# About the new A Team movie



## Big Don (Jan 3, 2011)

My son got it for Christmas and I finally got around to watching it.
While I did enjoy it, as a fan of the TV Show, which I grew up watching, I have a few issues.
They didn't KNOW each other?! WTF?!
Rangers?! They were NOT Friggin Rangers! Not that there is anything wrong with Rangers, but, there is a BIG difference between Rangers and Special Forces.
BA was Airborne?! NO. NO. NO!
Oh, I have more to ***** about, but, it would include spoilers.


----------



## Omar B (Jan 3, 2011)

I tried watching it and gave up duringv the many prison break outs.  Loved the old show but the movie seemed to go for the obvious humor or plot point at every turn and one huge action scene after another that felt tacked on rather than plot driven.  The director had a couple really nice shots that shows some talent and promise, he needs a better editor and writer though.


----------



## LuckyKBoxer (Jan 3, 2011)

Ah I go into all these movies expecting mindless fun.
I mean seriously what could be more fun then the whole Parachuting Tank scenario?


----------



## Omar B (Jan 3, 2011)

I hear that man, as I said my problem with the movie was not the awesomeness of the action scenes.  It's like The Losers, another movie I thought would rule because I love the comic, but what you got was many awesome action scenes and not much else.


----------



## Gaius Julius Caesar (Feb 15, 2011)

Big Don said:


> My son got it for Christmas and I finally got around to watching it.
> While I did enjoy it, as a fan of the TV Show, which I grew up watching, I have a few issues.
> They didn't KNOW each other?! WTF?!
> Rangers?! They were NOT Friggin Rangers! Not that there is anything wrong with Rangers, but, there is a BIG difference between Rangers and Special Forces.
> ...


 
 Watch again, at the trial they all had SF flashes, meaning they all went SF after that first Op, so by the time they were in Iraq they were all SOCOM.

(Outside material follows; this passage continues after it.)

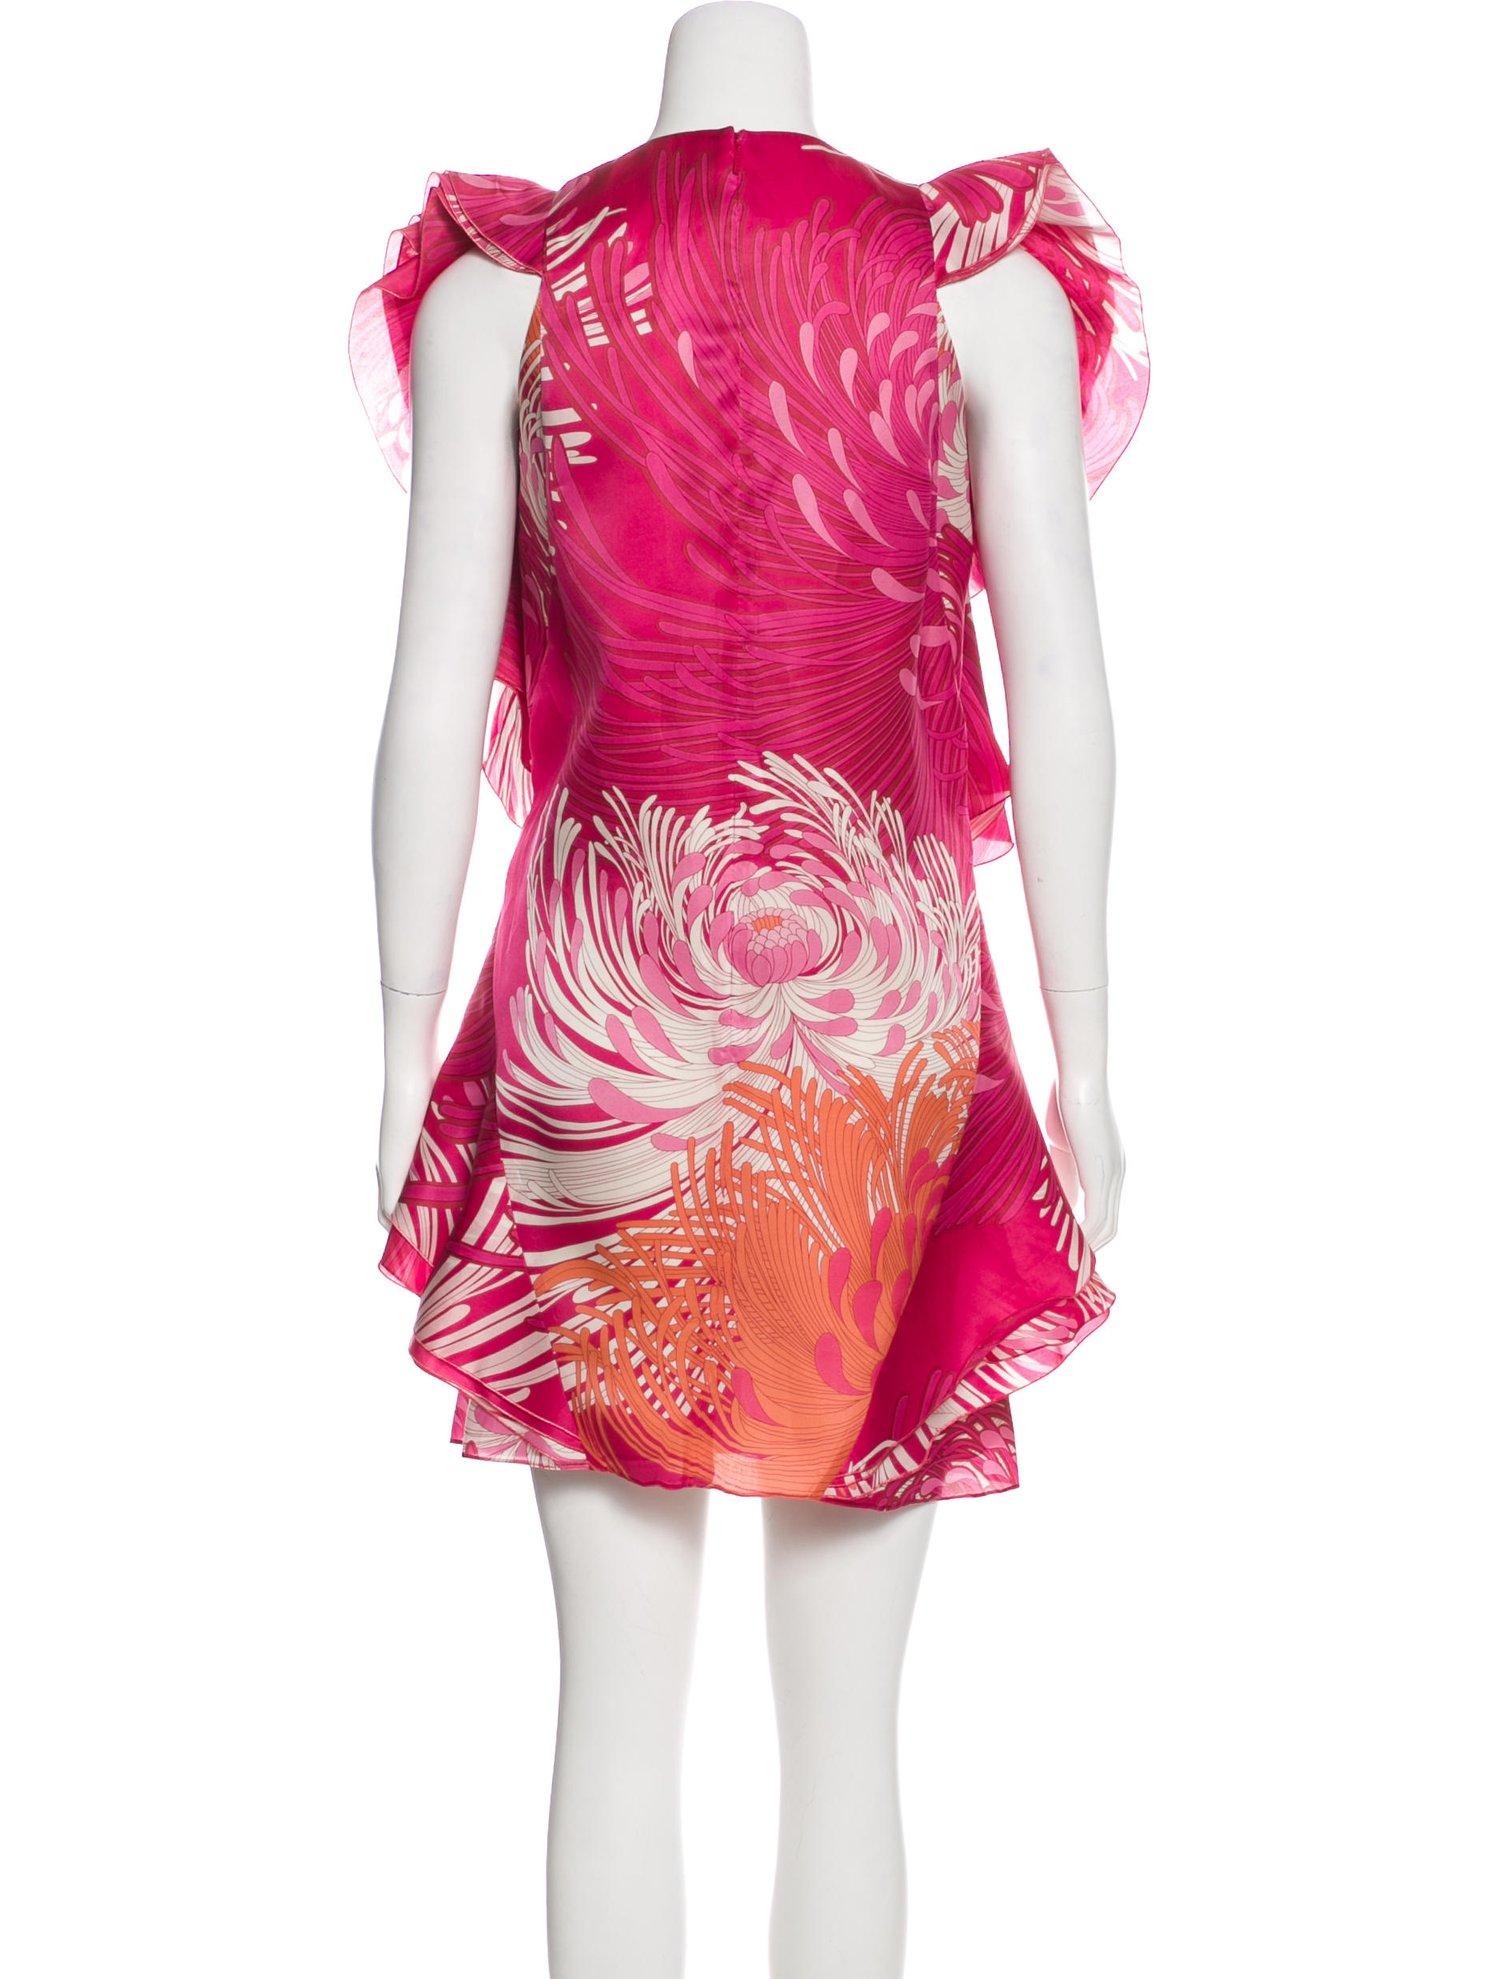 New Rare Gucci Runway Ad Silk Dress S/S 2013 Sz 40 $3499 9

And hey it's the A-Team, it aint real, just fun.

 I liked how Hannibal used the Old Ruger Mini 14 from the show.

 And again Murdoch is not afraid to kill from time to time, he was the only guy on the show I saw draw down on an enemy and hit him in the chest. It was on 1 show in the 3rd season if I remeber right.

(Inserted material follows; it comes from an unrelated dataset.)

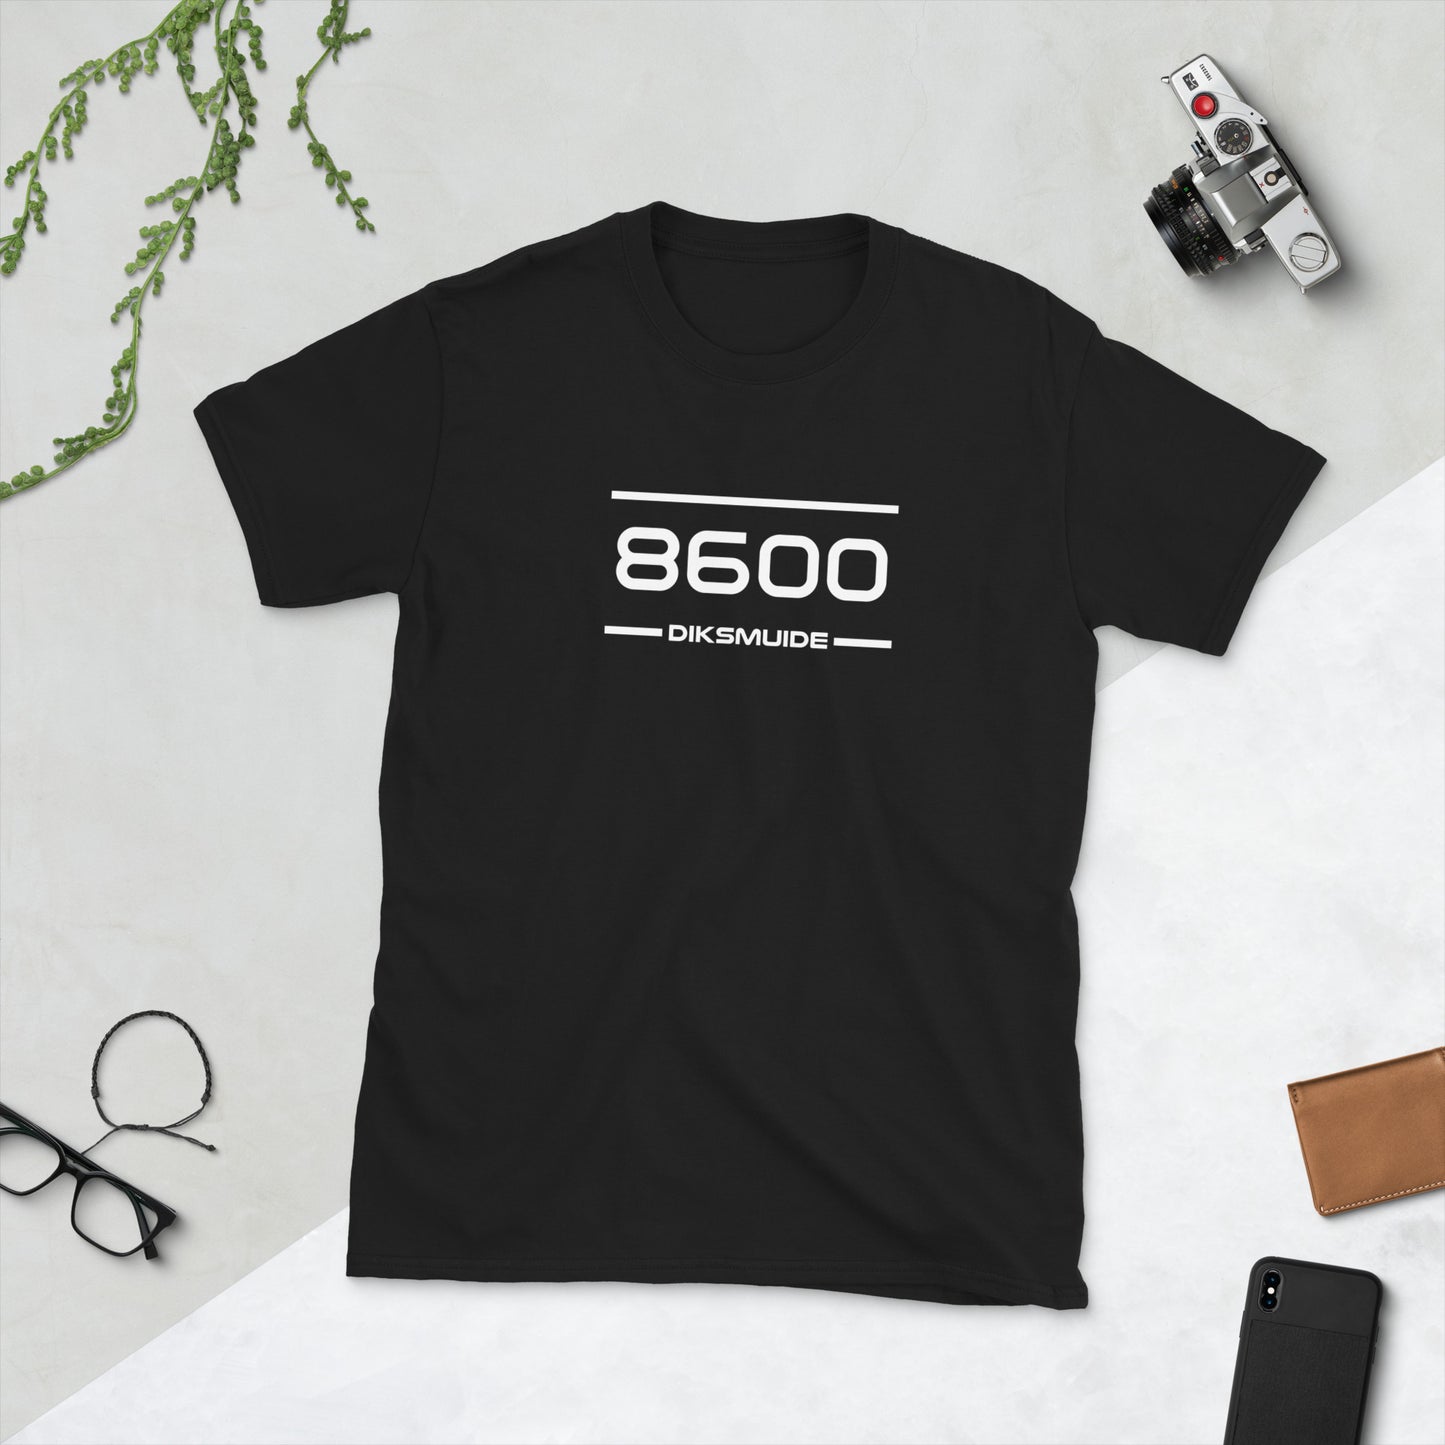 Tshirt - 8600 - Diksmuide

 It was cool that Dwight Shultz and Dirk Bennidict did cameos.

 We watch RTV alot at my house and my 8 year old loves the old A-Team and Airwulf re runs, just like I did as a kid.


----------



## Big Don (Feb 15, 2011)

Gaius Julius Caesar said:


> Watch again, at the trial they all had SF flashes, meaning they all went SF after that first Op, so by the time they were in Iraq they were all SOCOM.


 Which is wrong on a different level, because if they were Rangers they would have had Ranger Tabs also.





> And hey it's the A-Team, it aint real, just fun.


 I know, but, as a fan of the original, it kind of pissed me off to see such a glaringly obvious errors





> I liked how Hannibal used the Old Ruger Mini 14 from the show.
> 
> And again Murdoch is not afraid to kill from time to time, he was the only guy on the show I saw draw down on an enemy and hit him in the chest. It was on 1 show in the 3rd season if I remeber right.
> 
> ...


----------